- Opening caption
- פסוקו של יום
- Genre: Religious
- Created by: Benyamin Zvieli
- Country of origin: Israel

Production
- Running time: 3 Minutes
- Production company: Israel Broadcasting Authority (IBA)

Original release
- Network: Channel 1 (IBA)
- Release: November 1969 – 2012

= Psuko Shel Yom =

Religious program

Psuko Shel Yom (פסוקו של יום, Psuqo shel yom, lit. "[The] Verse Of The Day") was an Israeli daily midnight minutes-long program-segment aired on the public Channel 1, reciting selected daily biblical, Midrash or Aggadah verses.
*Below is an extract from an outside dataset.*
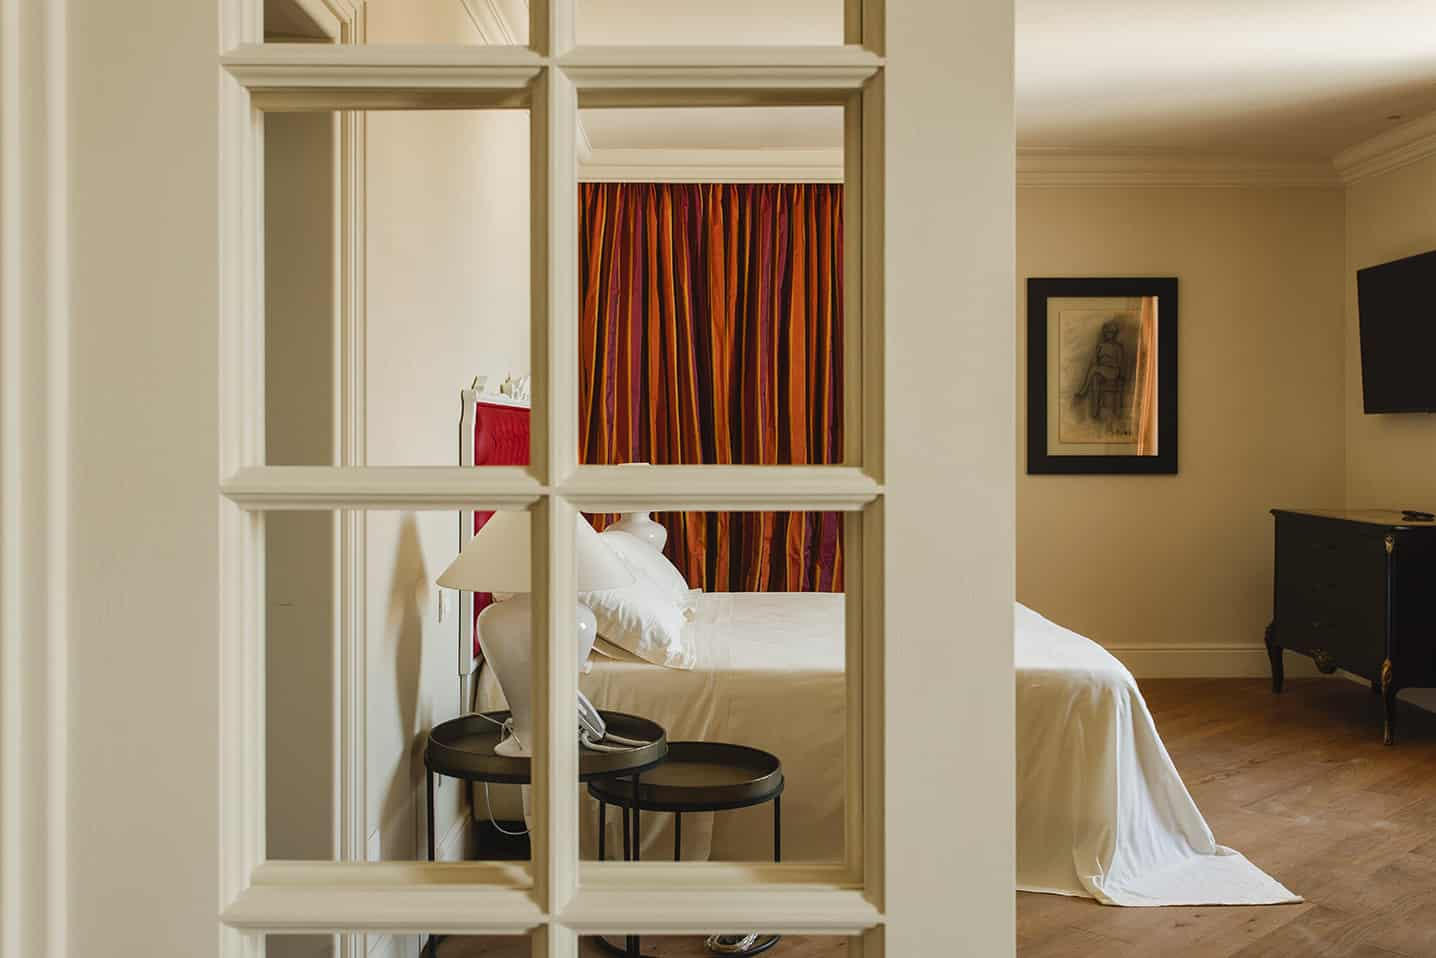 Suite, Hotel Matera - Alvino 1884

Psuko Shel Yom was aired on a daily basis just as the Israeli public channel retired for the night and closed its broadcast. The channel was for many years the only one in Israel, and therefore the program aired just in time before people fell asleep, and it became an Israeli culture-cult segment.

== Description ==

Psuko Shel Yom is aired at midnight and has been broadcasting the same platform-content for over thirty years. The TV screen displays the verses with biblical fonts while the reciter (not shown), Mordechai Freidman, reads the selected passage, and while the "Yad" (Torah Pointer) moves through with the verses of the page, at pace with the reciter. A short musical segment, in "biblical" style music, is always played at the beginning and the end of the program. It also became a cultural-cult sound track associated with Psuko shel Yom. At the conclusion of the program, in later stages, it was followed by a channel slide featuring Jerusalem at night and IBA announcer Malachi Ezekiah saying "The broadcast of Israeli Television has finished for today. Good night from Jerusalem." and was followed by the national anthem.

The program has been broadcast every night since November 1969, when the television service's hours of broadcasting grew. It was first initiated by Benyamin Zvieli, who was then the manager of the Jewish heritage department in the Israel Broadcasting Authority. He was the reciter, and the secretary of the department, Leah, was responsible for moving the "Yad". After his retirement, he was replaced by Mordechai Freidman as the reciter, who is still the daily reciter as of 2010. The program was retired in 2012.

During the 1980s and 1990s, spinoff shows were created based on Psuko shel Yom: Psuko shel Makom (a place's passage), and Agada Shel Makom (a place's Aggadah [lit. legend]), which showed sites in Israel and the related verses and legends.

In 2016, a new series was commissioned as part of a campaign initiated by Channel 1 to reinstate old programming for two months, in anticipation of the dissolution of the IBA and the establishment of the Israeli Public Broadcasting Corporation. This new series consisted of thirty episodes and were about the history of broadcasting in Israel.

== Popular culture ==
Psuko Shel Yom became a part of Israeli popular culture and was mentioned in various contexts, ranging from the solemn to the mocking.

In many people's views, the regular broadcasting of the midnight segment individualizes the broadcasting of the Hebrew public channel 1, and provides a unique Jewish spiciness. It reminds people of the term "Daf Yomi" ("[the] daily page", a daily regimen undertaken to study the Babylonian Talmud), and grants a drop of Judaism to the broad Israeli public, especially the secular one, becoming part of the Jewish heritage.

The midnight short segment has also taken a hit from critics. The broadcasting in a midnight hour is claimed by the critics to be somewhat associated with weariness and sleeping. Also, the regular displayed platform-content that is unchanged, was criticized to be repeatedly old fashioned, and the old-fashioned biblical text with non common Modern Hebrew words – all became a matter of humor, both in casual conversations and in satire.